Dataset:
——

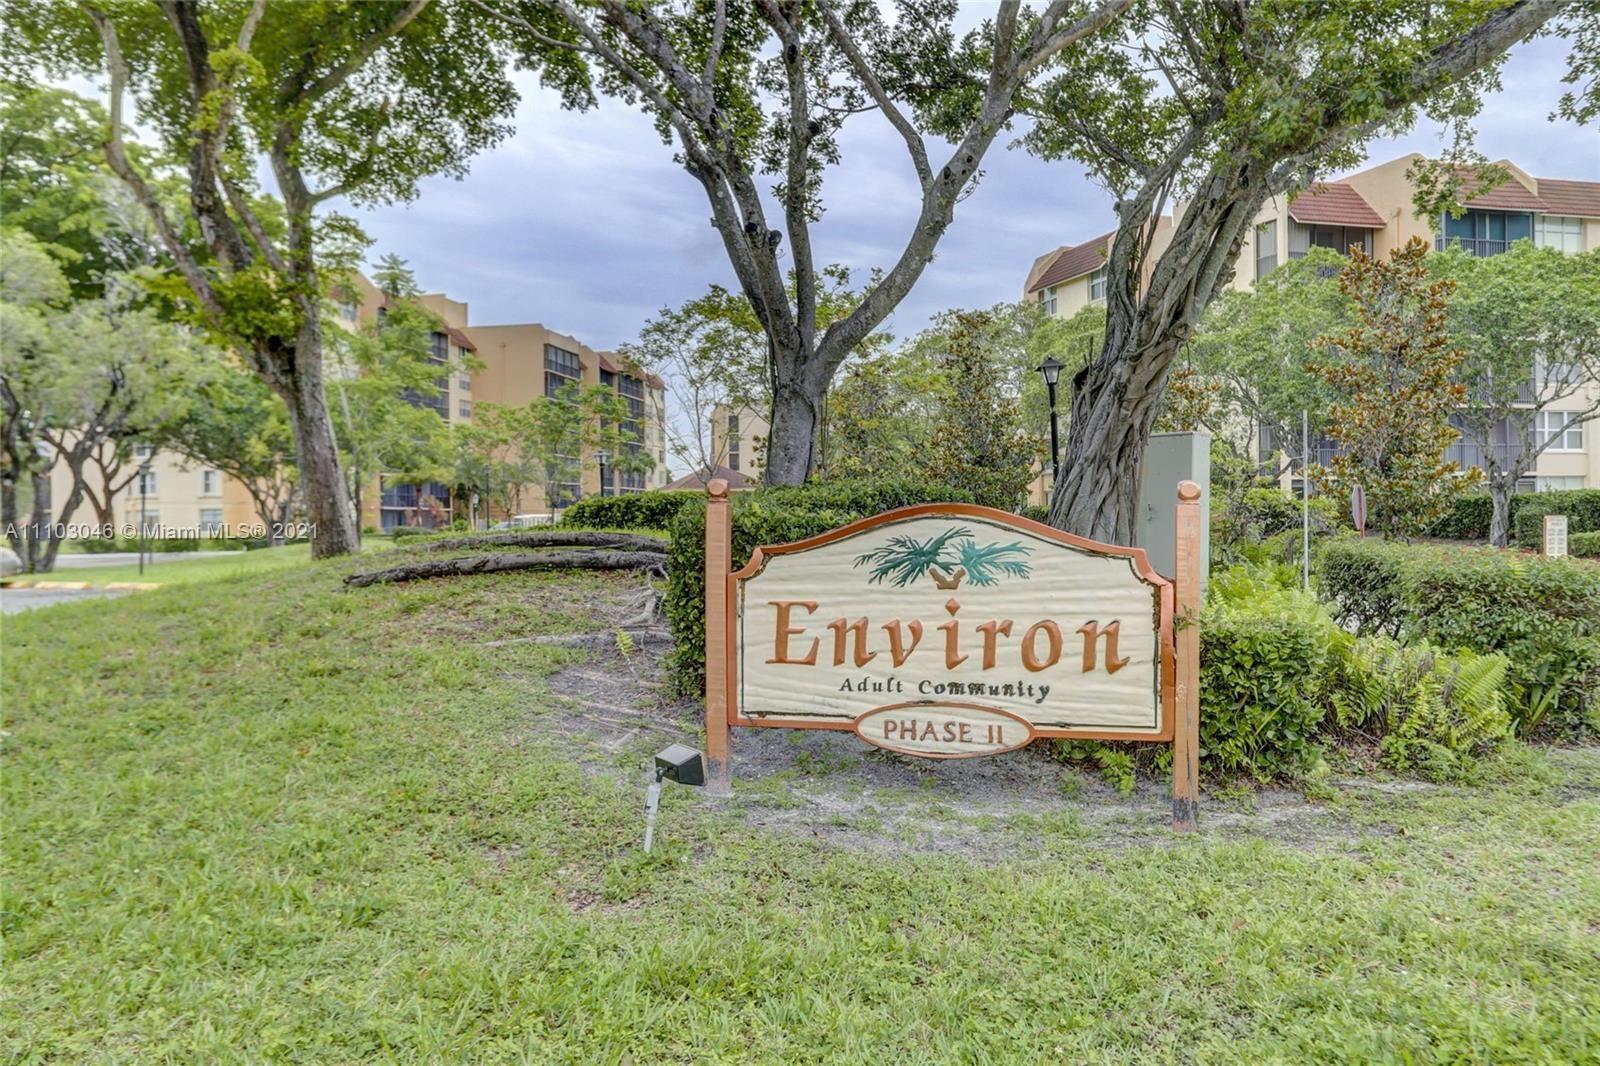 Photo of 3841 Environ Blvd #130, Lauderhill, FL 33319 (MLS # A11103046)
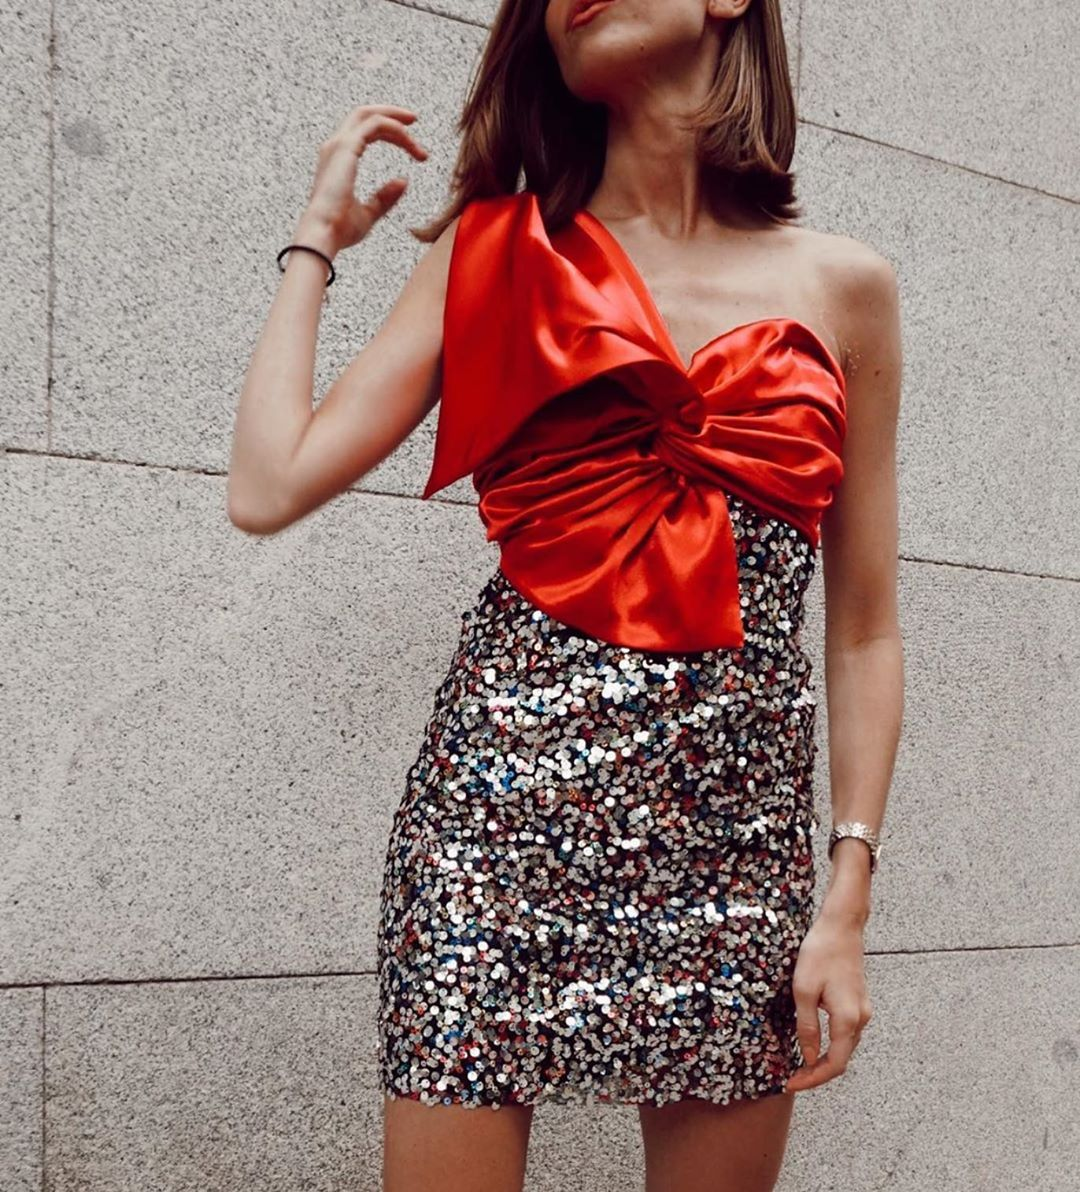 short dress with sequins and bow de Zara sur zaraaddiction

——

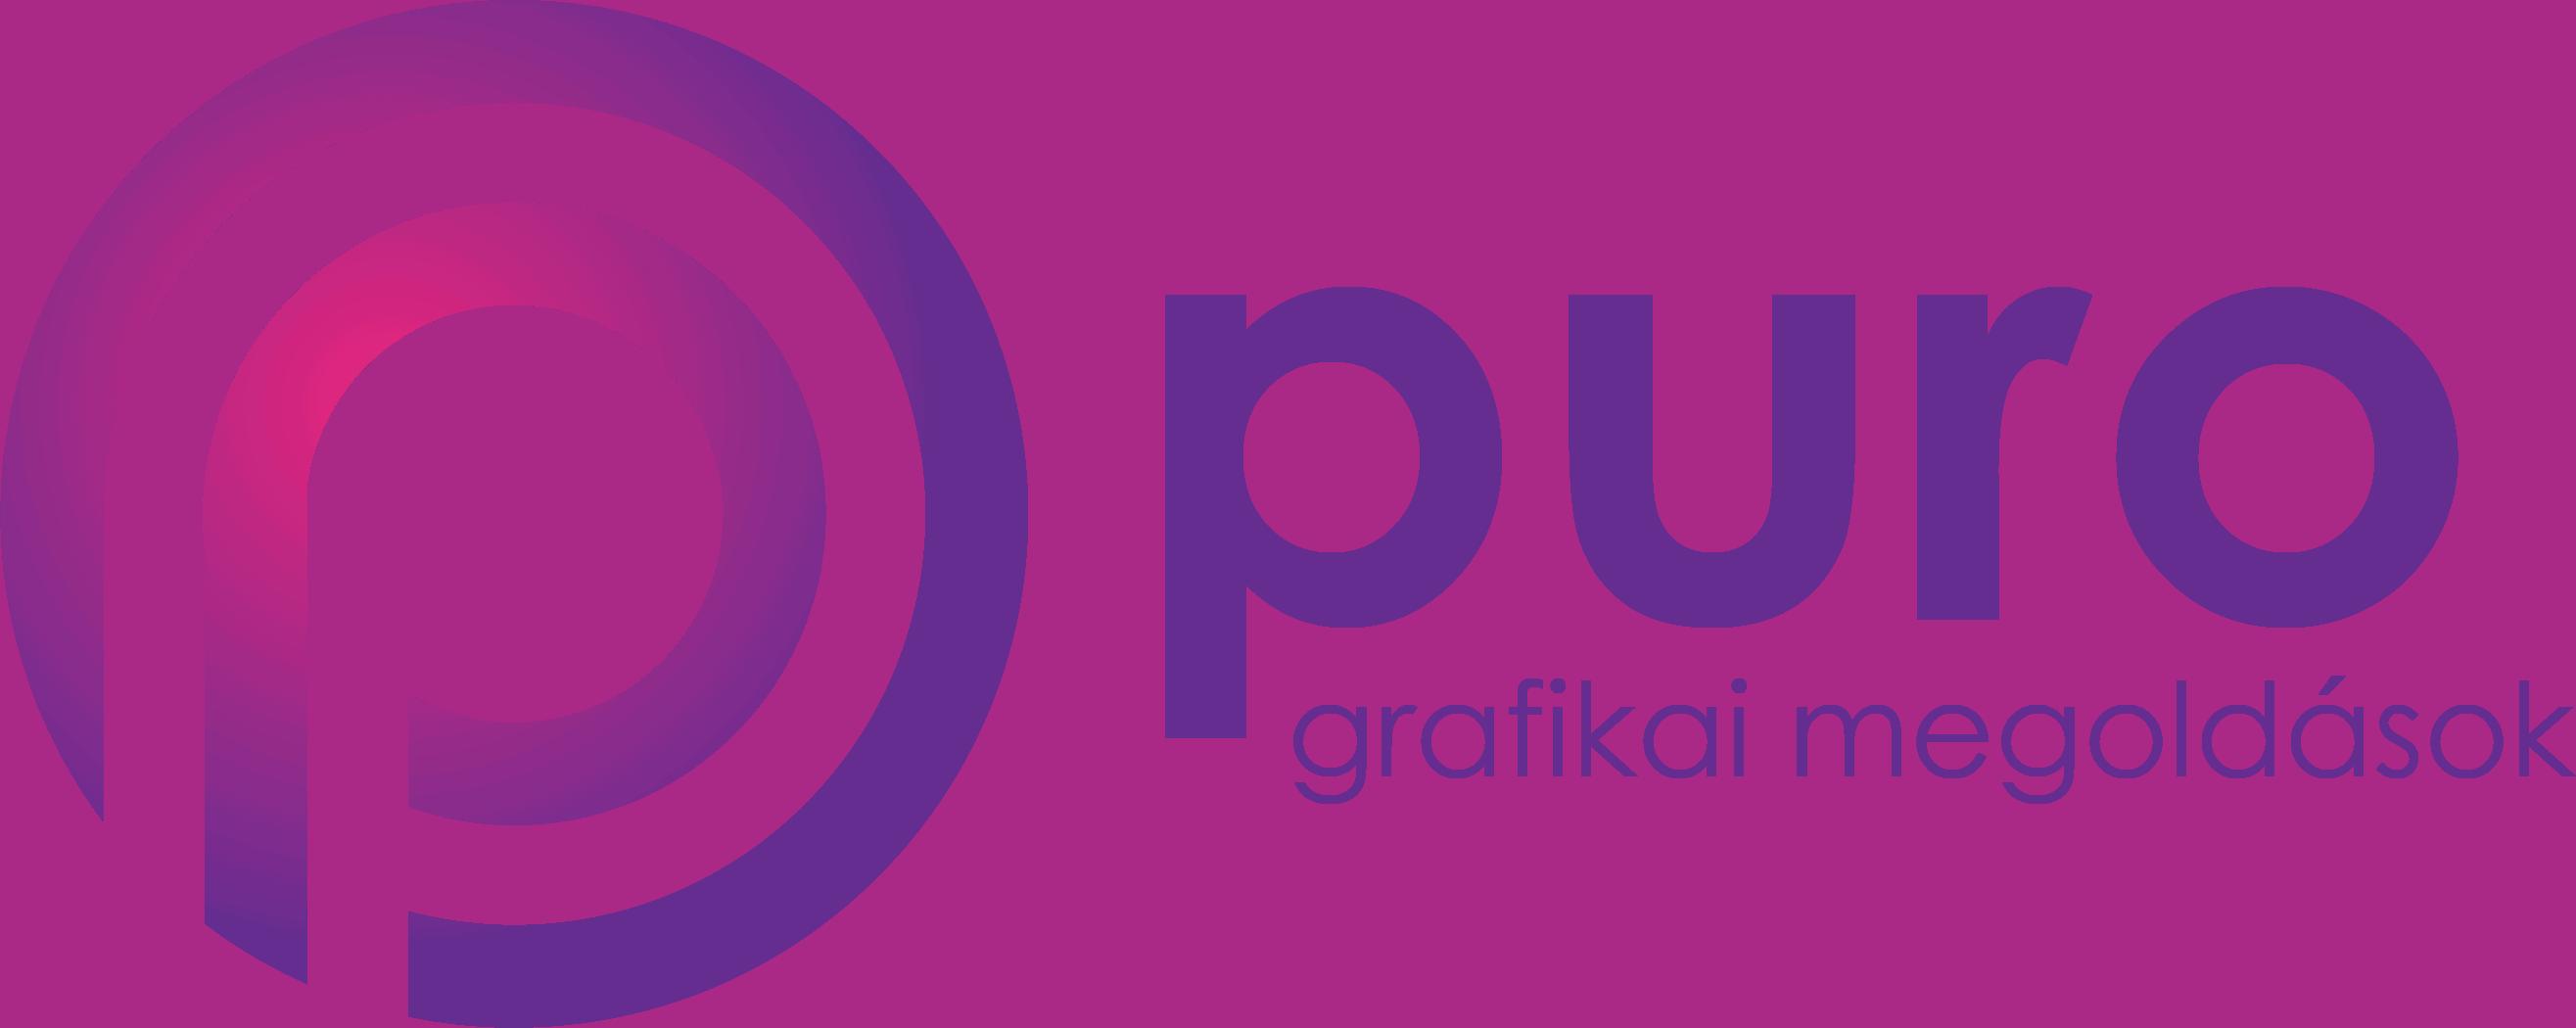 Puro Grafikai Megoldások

——

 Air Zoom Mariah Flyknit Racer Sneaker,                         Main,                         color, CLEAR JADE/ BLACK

——

What to produce: Reproduce, word for word, everything in the listing above from the line containing "Photo of 3841" down to the line containing "short dress with", both of them included. No pictures.

Task output:
 Photo of 3841 Environ Blvd #130, Lauderhill, FL 33319 (MLS # A11103046)
 short dress with sequins and bow de Zara sur zaraaddiction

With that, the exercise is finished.